Так почему же, учитывая все вышесказанное, я не могу, не имею права с чистой совестью сделать это свое сравнение взгляда и выражения глаз уважаемого мною деда, правда, не со взглядом орла или льва, а со взглядом и с выражением благородного и великодушного, независтливого и мужественного, когда-то считавшегося даже – хотя теперь и за давностью это и не имеет никакого значения – священной птицей, красавца-петуха, моего Петела, у которого тоже от рождения растворилась в глазах расширившая их шальнинка и у которого тоже сквозь – но тут уже сквозь петушиную зоркость и цепкость взгляда – просвечивают в такой мере свойственные ему доброта и благородство!
Я, наверно, уже утомил всех длиннотой своих рассуждений. И вот, для того чтобы хоть немного отдохнуть от моего тяжелого стиля, я предлагаю читателю вместе со мной немного пофантазировать. Небольшая доза фантазии в этом моем повествовании вполне допустима хотя бы уже потому, что все остальное, в нем рассмотренное, – это подлинные события и голые факты, я говорю это серьезно и хочу избежать малейших сомнений и кривотолков на этот счет.

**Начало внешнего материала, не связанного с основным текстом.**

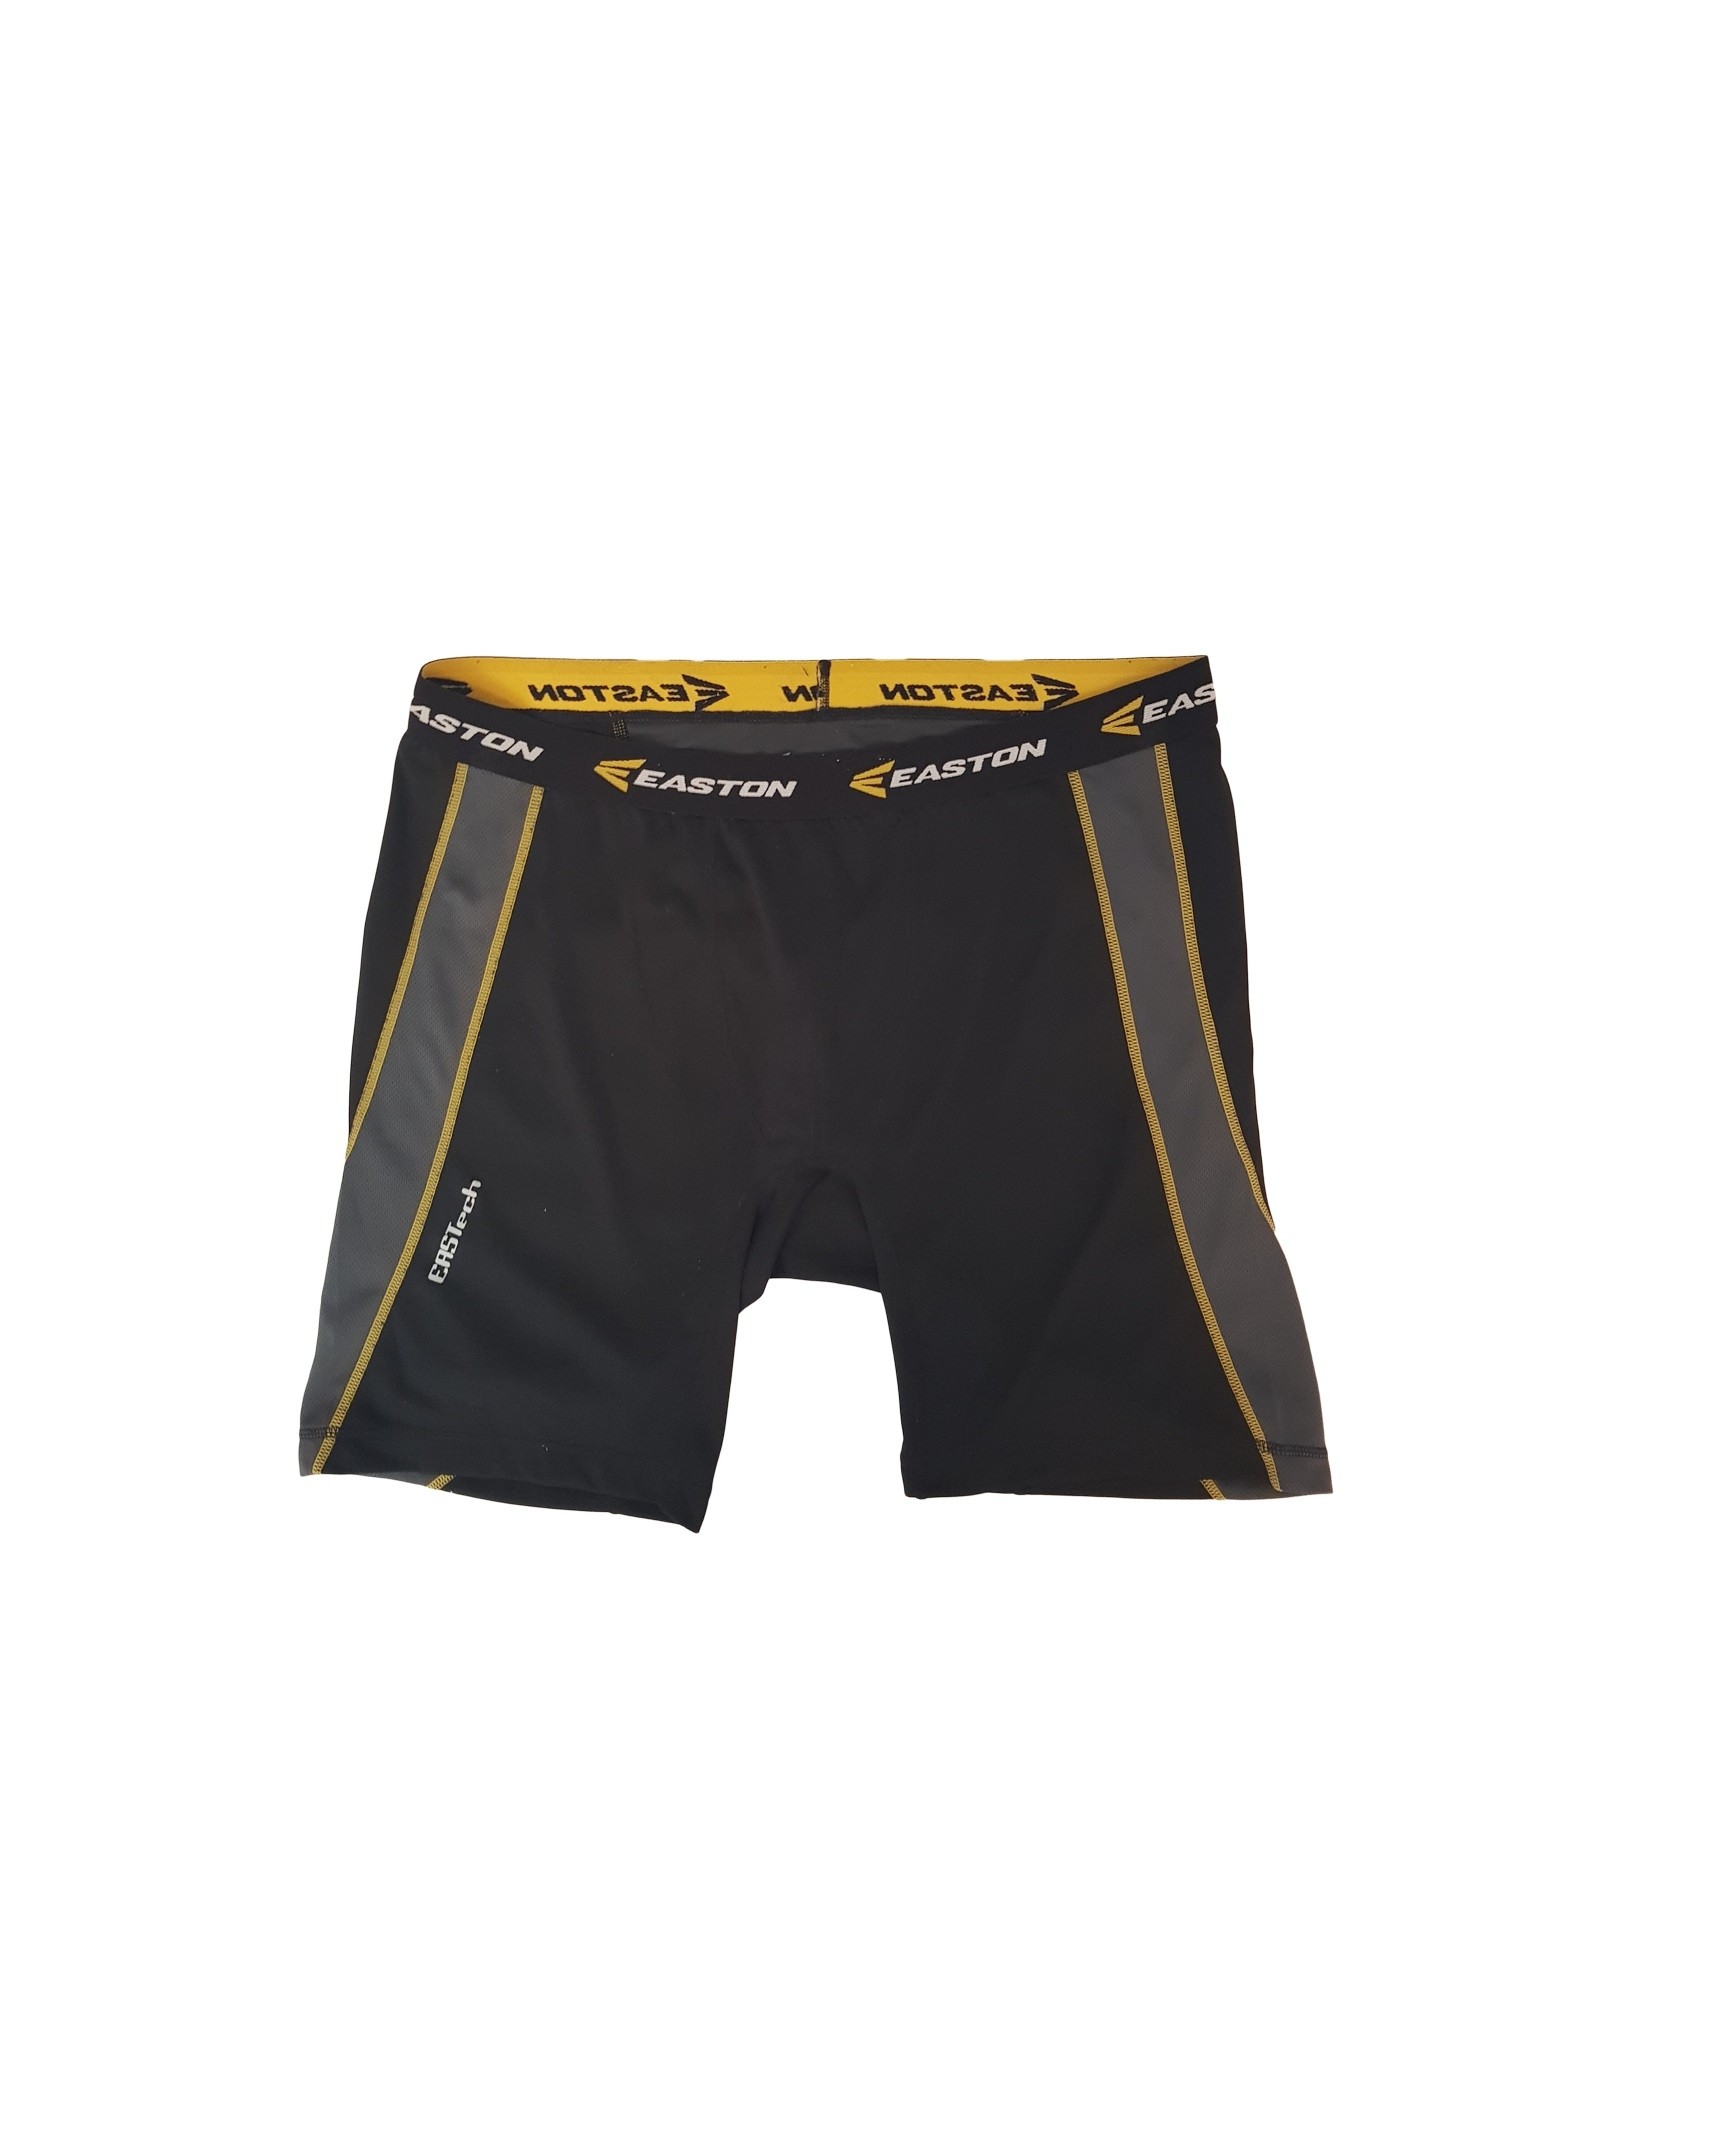 Easton Eastech Pro Adult Compression Shorts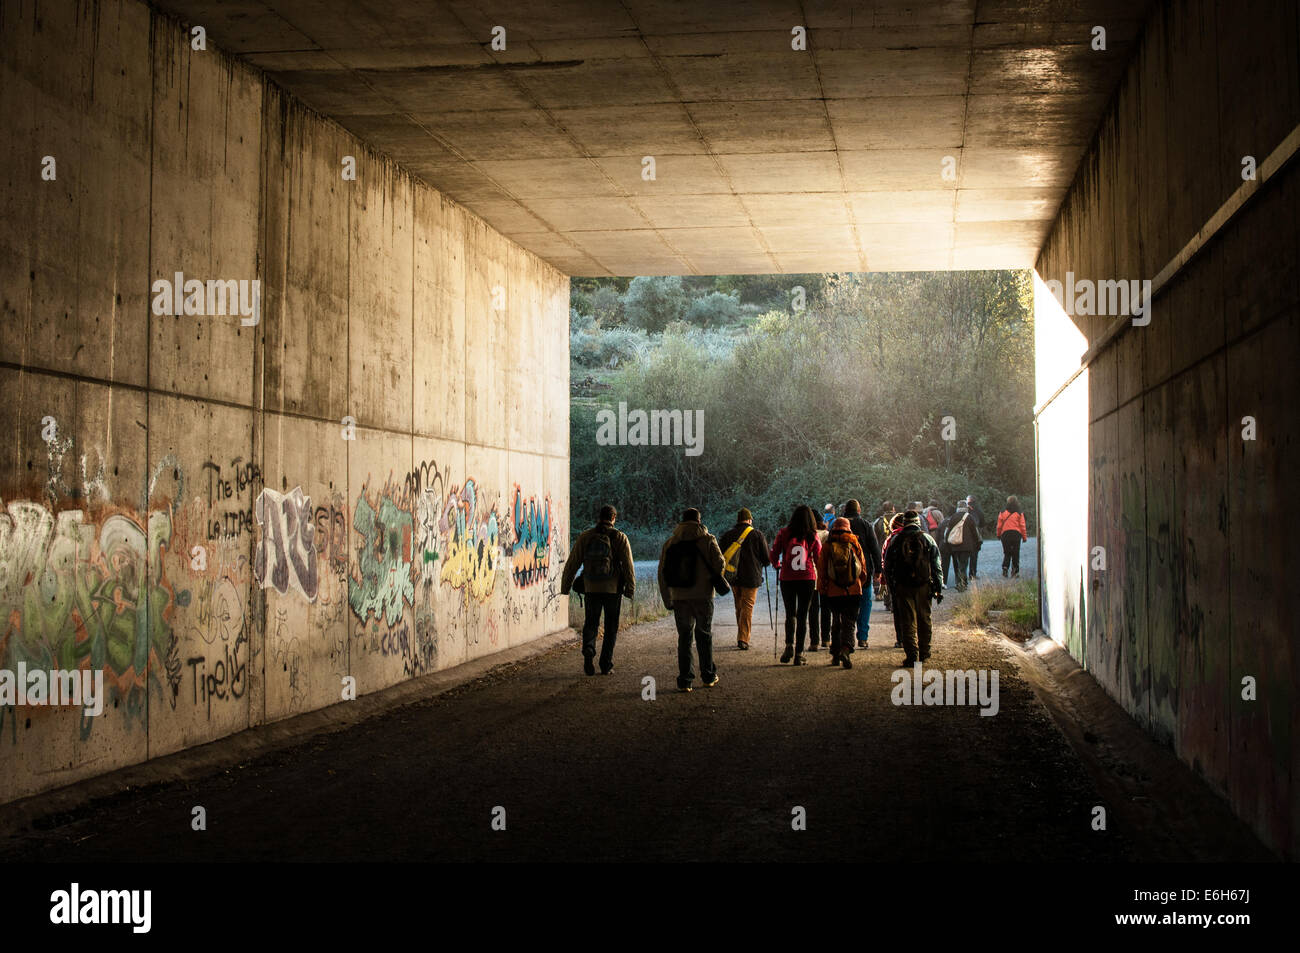 Tunnel with people Stock Photo

Ну так вот, предположим, что в вашей душе, так же как, наверное, в душах какого-то неопределенного числа других людей, имеется свой рай и свой ад; и если рай в вашей душе, подобно некоторым сказкам и настоящему раю, населен добрыми существами и человекообразными зверями, то ад ее, тоже подобно некоторым сказкам и настоящему аду, населен звероподобными людьми и чудовищами, и вот часто вы, и по своей и не по своей воле, спускаетесь из своего рая в этот ад и бываете терзаемы там, терзаемы этими звероподобными людьми и чудовищами и, конечно, самим собою, звероподобным. Но я не собираюсь углубляться здесь в эту грустную, тоскливую и бездонную, касающуюся только вас тему, я лучше снова обращусь к тому, за счет чего вы можете или стремитесь умножить и укрепить свои райские рати.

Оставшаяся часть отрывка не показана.